* **THE DATA**
>>>

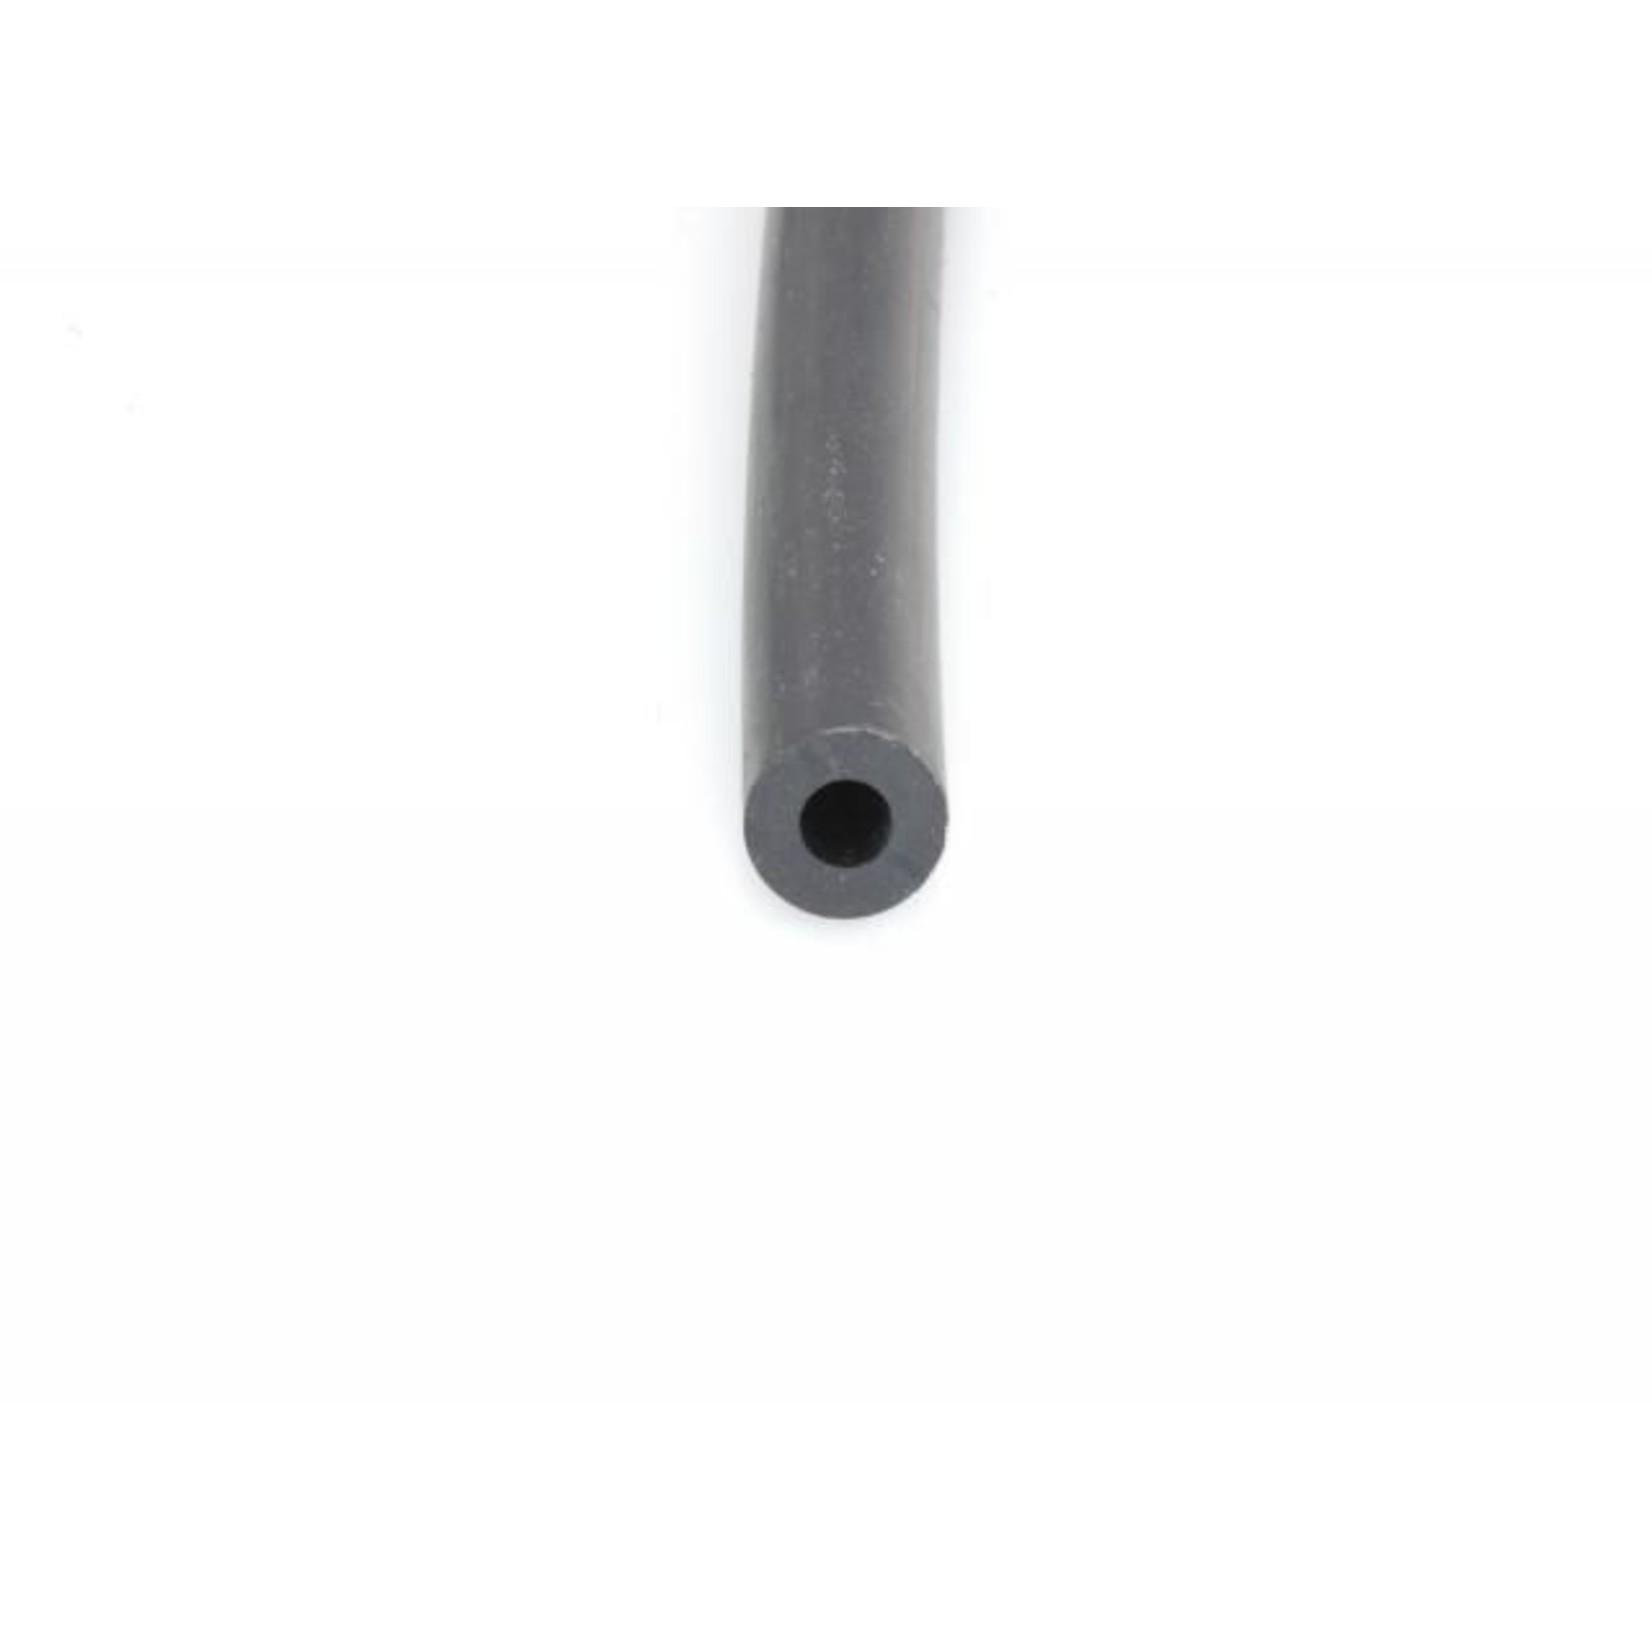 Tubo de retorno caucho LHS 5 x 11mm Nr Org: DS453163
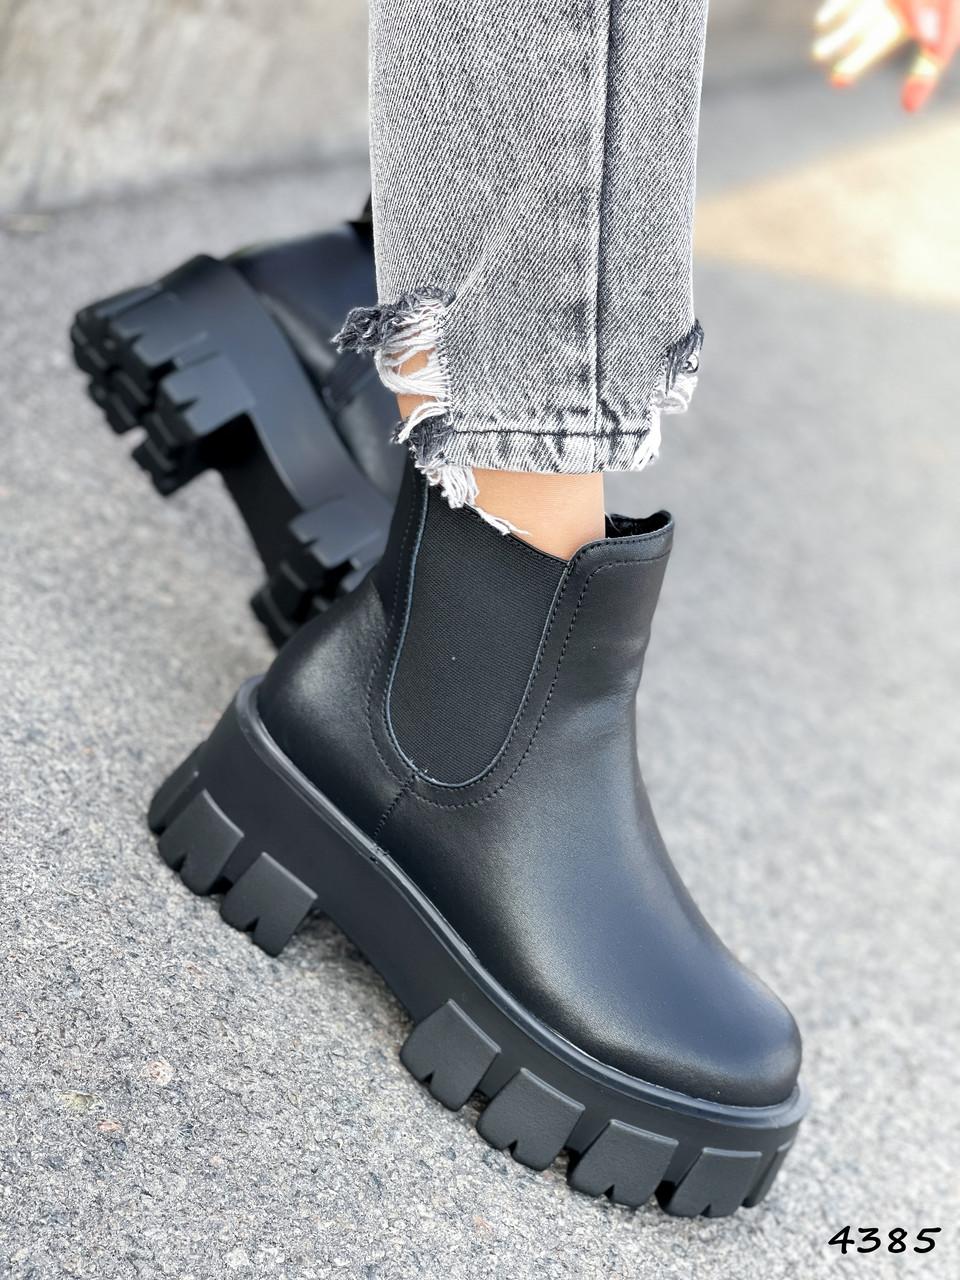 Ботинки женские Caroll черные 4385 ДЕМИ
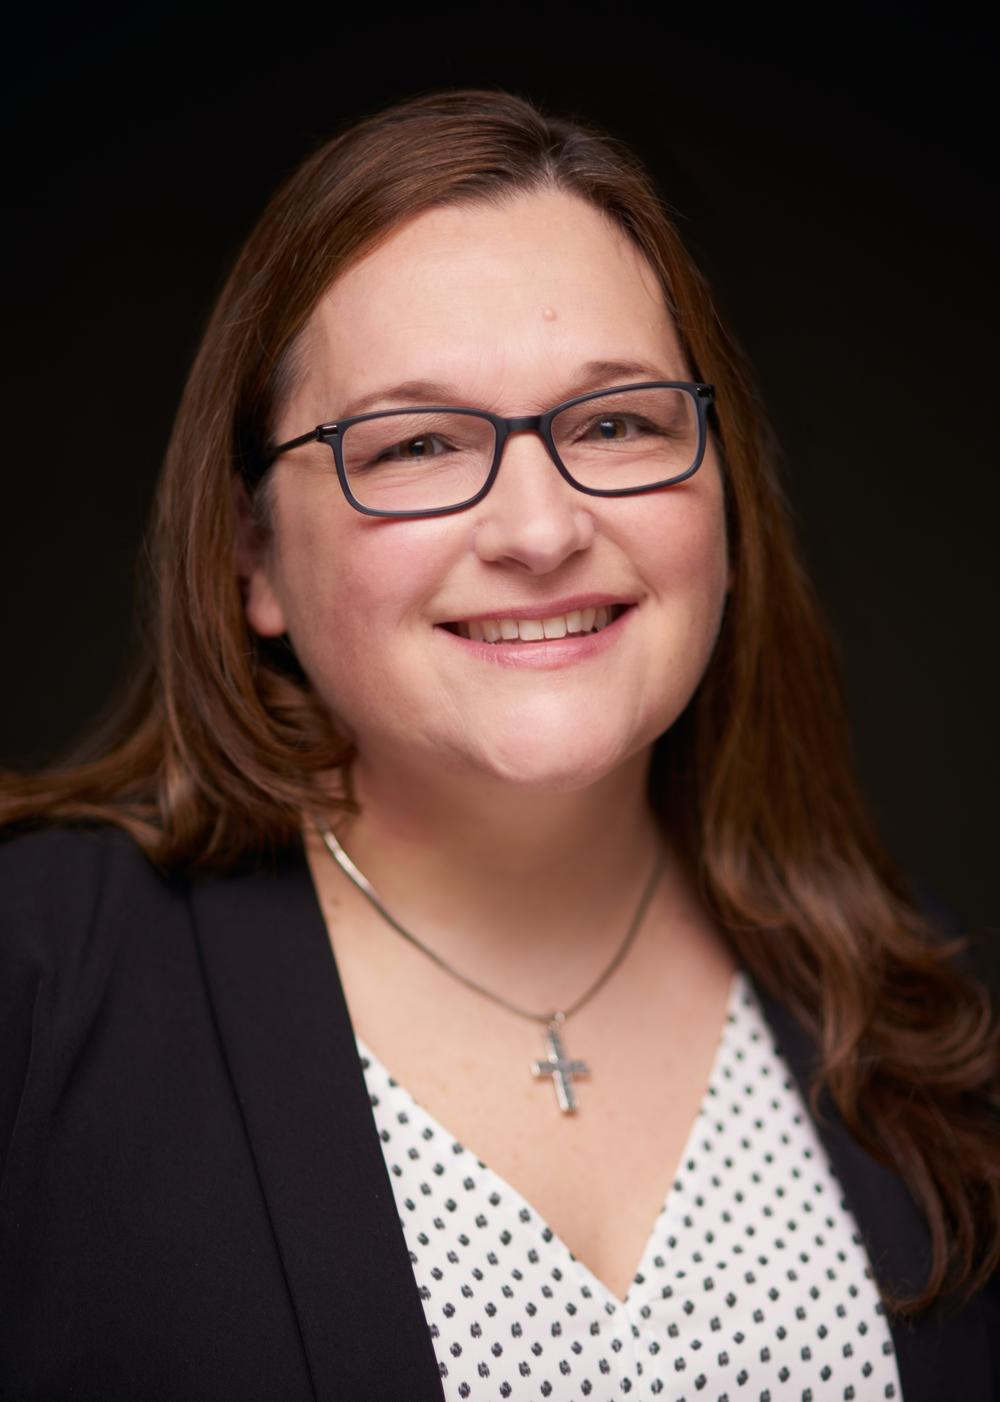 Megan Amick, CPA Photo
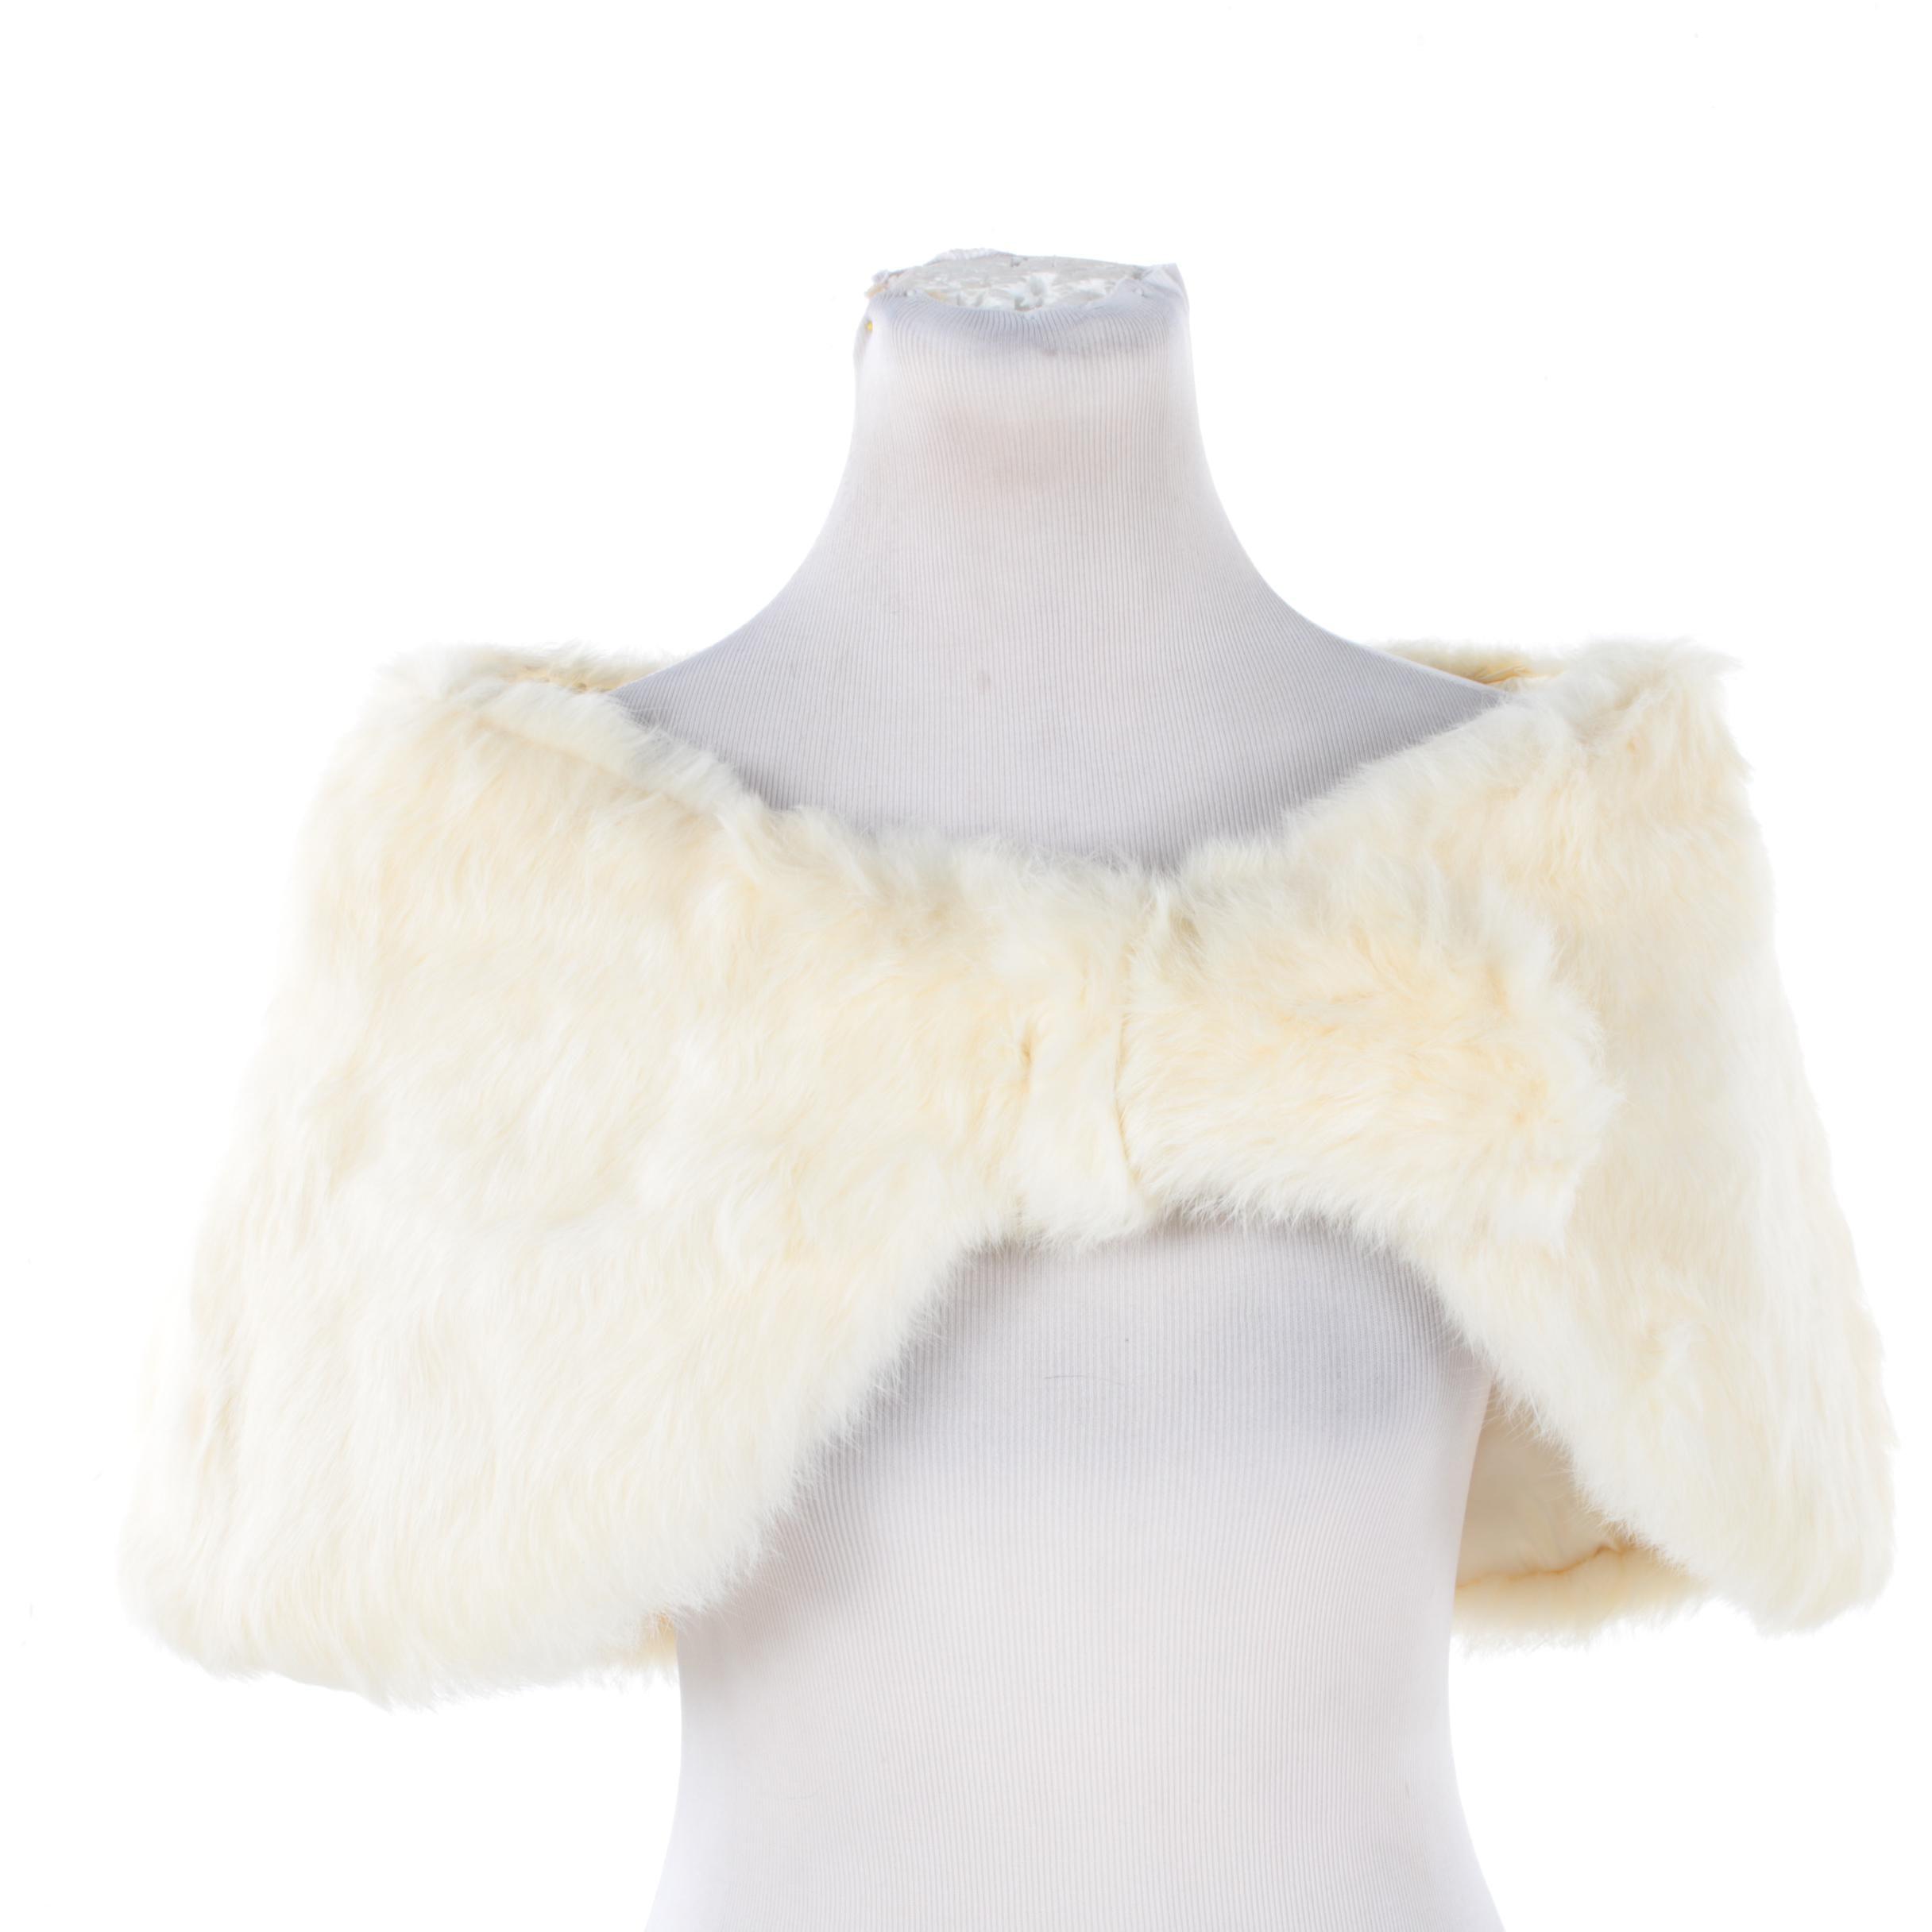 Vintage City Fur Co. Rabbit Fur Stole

<<<

* **ASSIGNMENT**
All of the data above must be printed exactly, minus its pictures.

* **EXERCISE RESULT**
 Tubo de retorno caucho LHS 5 x 11mm Nr Org: DS453163
 Ботинки женские Caroll черные 4385 ДЕМИ
 Megan Amick, CPA Photo
 Vintage City Fur Co. Rabbit Fur Stole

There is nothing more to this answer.